Prediksi GDP dengan RF dan XGBoost Berdasarkan Aspek Sosial, Ekonomi, dan Lingkungan Mubarok, M. Husni; Septian, Firza
MDP Student Conference Vol 4 No 1 (2025): The 4th MDP Student Conference 2025
Publisher : Universitas Multi Data Palembang

Show Abstract | Download Original | Original Source | Check in Google Scholar | DOI: 10.35957/mdp-sc.v4i1.11206

Abstract

This study aims to analyze Gross Domestic Product (GDP) prediction using Random Forest and XGBoost algorithms by considering social, economic, and environmental variables. The dataset was obtained from Kaggle and includes 22 independent variables influencing GDP. The model was developed with Whale Optimization Algorithm (WOA) optimization to improve prediction accuracy.

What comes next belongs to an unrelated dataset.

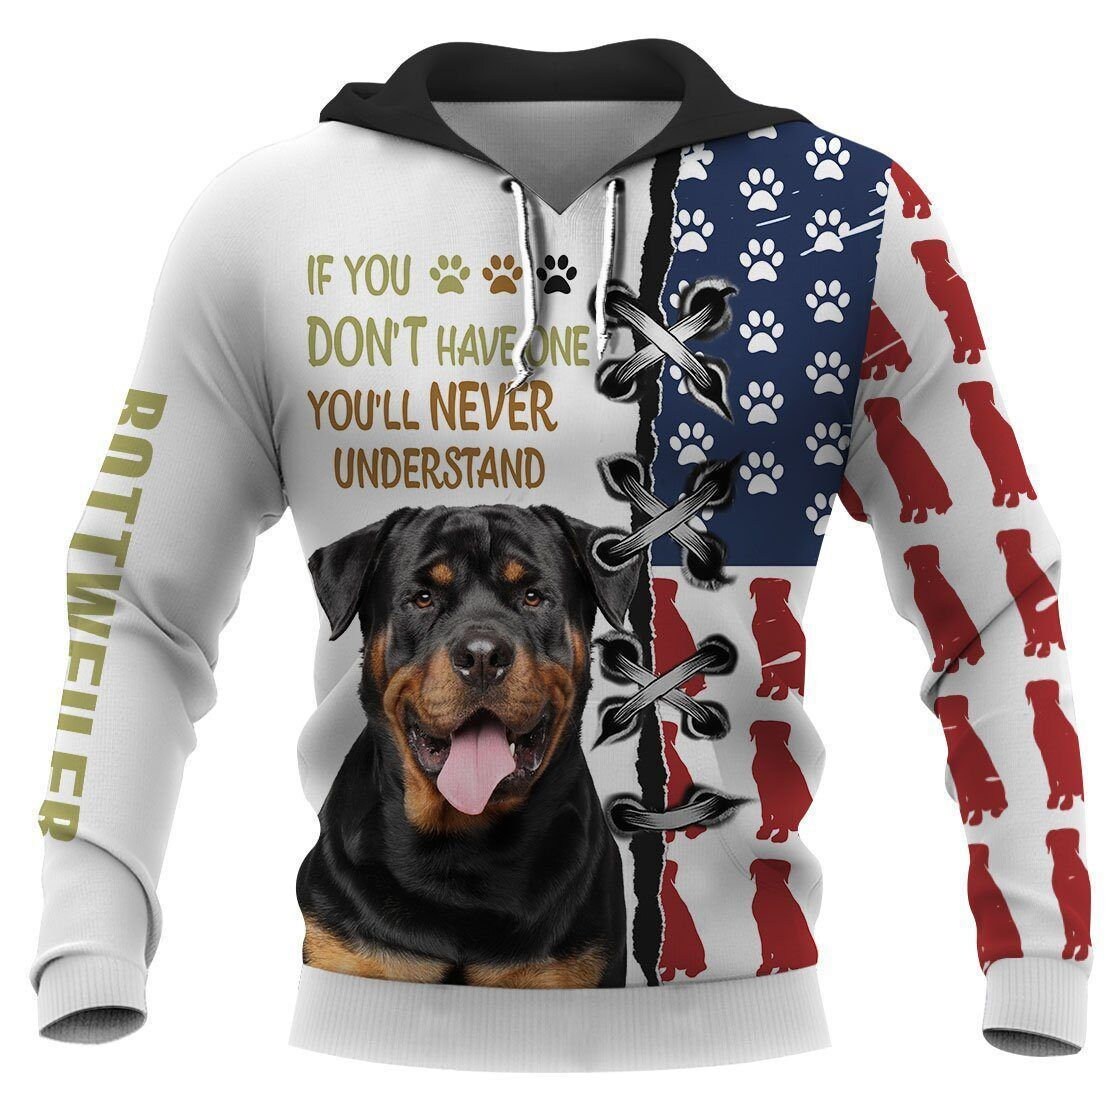 Rottweiler Dog 3D All Over Print Pullover Hoodie, 3D Hoodie For Men, If You Don't Have One You'll Never Unserstand
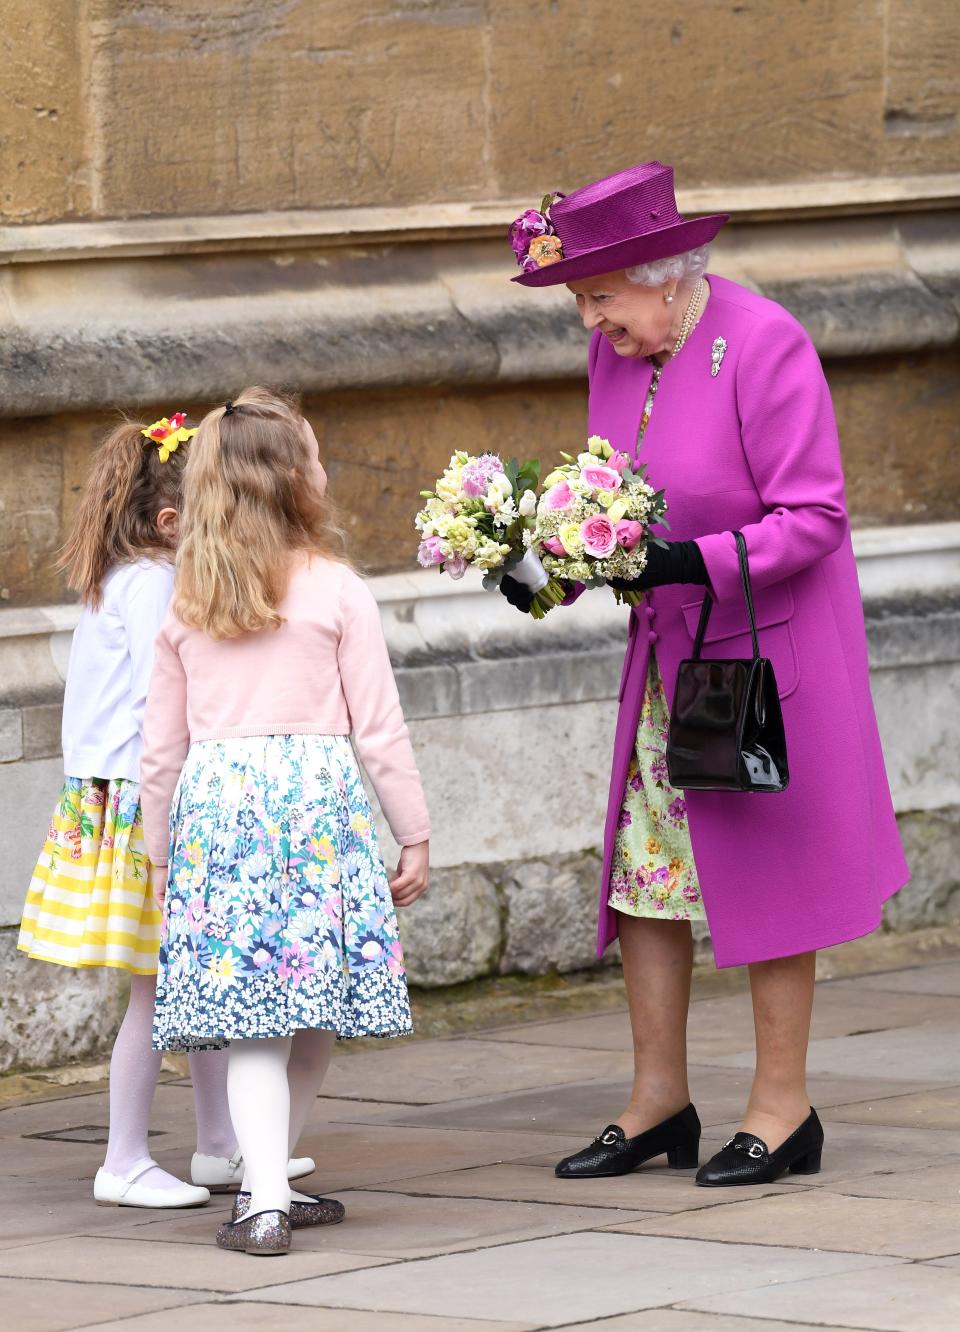 Queen Elizabeth II departs after attending an Easter Service at St George's Chapel on April 1, 2018

Experiments were conducted on the Google Colab platform, and evaluation metrics included Mean Absolute Error (MAE), Mean Squared Error (MSE), and R-Squared (R²). The results show that XGBoost with WOA optimization achieves higher prediction accuracy compared to Random Forest. Key factors influencing GDP were identified through feature correlation analysis. In conclusion, the combination of machine learning and metaheuristic-based optimization methods enhances GDP prediction accuracy, providing valuable insights for economic policymakers.